Okay, we're getting somewhere. Looks like we got some ASCII text and an LZMA-zipped archive. Let's take a look at the ASCII text first:
wget -UseBasicParsing -Uri "https://raw.githubusercontent.com/brunoklein99/deep-learning-notes/master/shakespeare.txt" -OutFile text.txt
Hmmm, it's downloading a text file. The text file in question is a compilation of the sonnets by William Shakespeare.

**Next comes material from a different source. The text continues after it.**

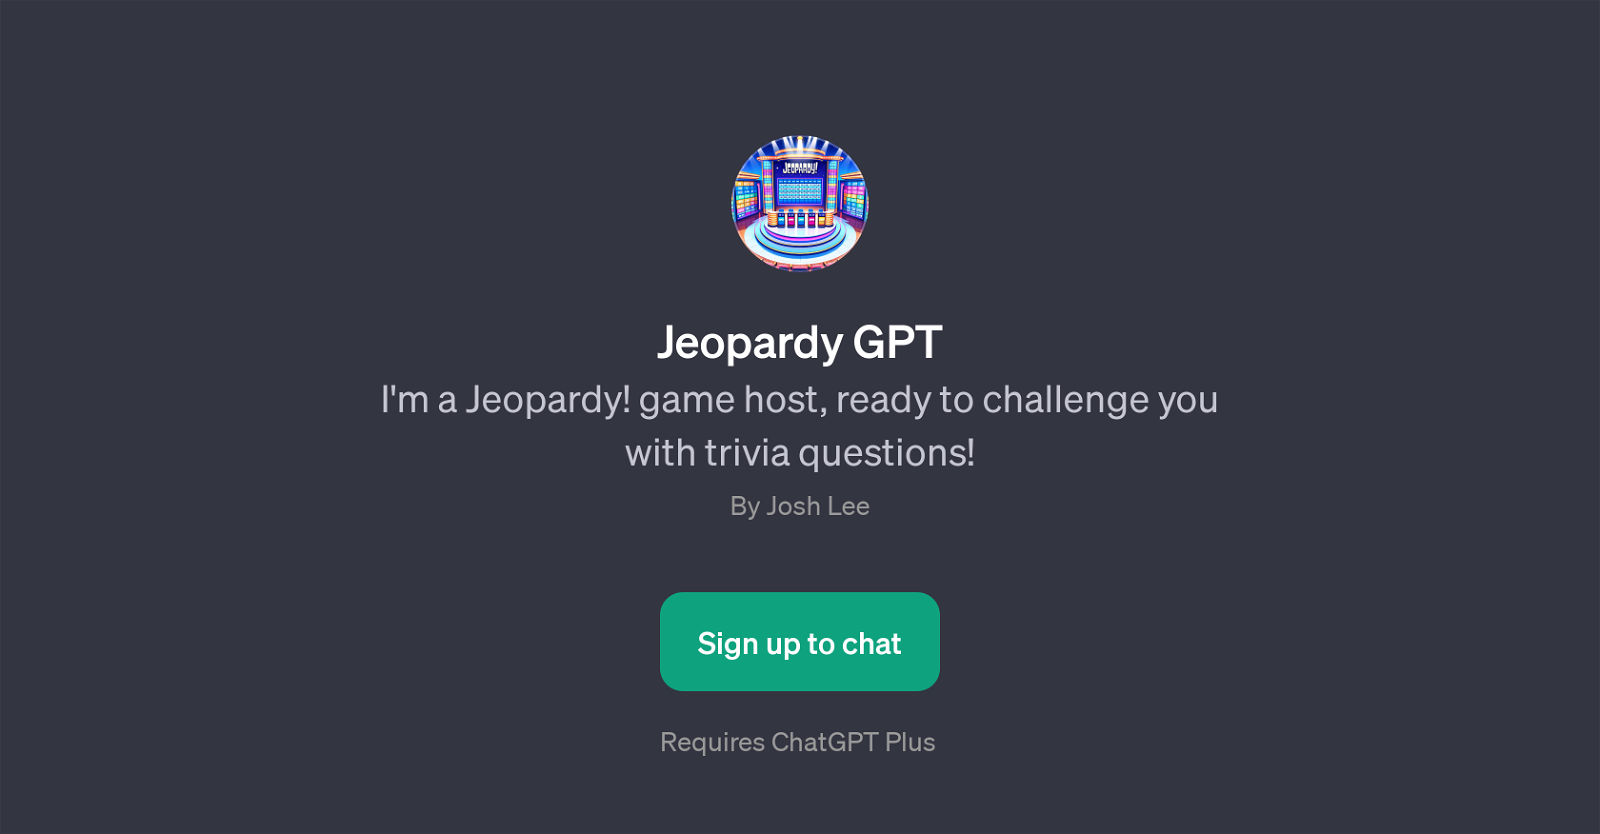 Jeopardy GPT website

Let's take a look at the LZMA archive:
$ cp 6cdc78e2f348f2f63fc20f7b014bb4c6.dec something.lzma
$ lzma --decompress something.lzma
$ file something
something: ASCII text
This file seems to be the Sonnets just like text.txt, but a few characters are different. I wrote another quick python-script to compare the files:
with open('text.txt','r') as f:
shakespear = f.read()
with open('something','r') as f:
not_shakespear = f.read()
for i,j in zip(shakespear, not_shakespear):
if i != j:
print(j,end="")Running this script prints out TheFlagIsHiddenSomewhereHereOkayHereYouGoEPT{21af48eb6f04db3731b86a2ec10f19e7}IThinkItShouldBeEasyEnoughToGet, and there's our flag!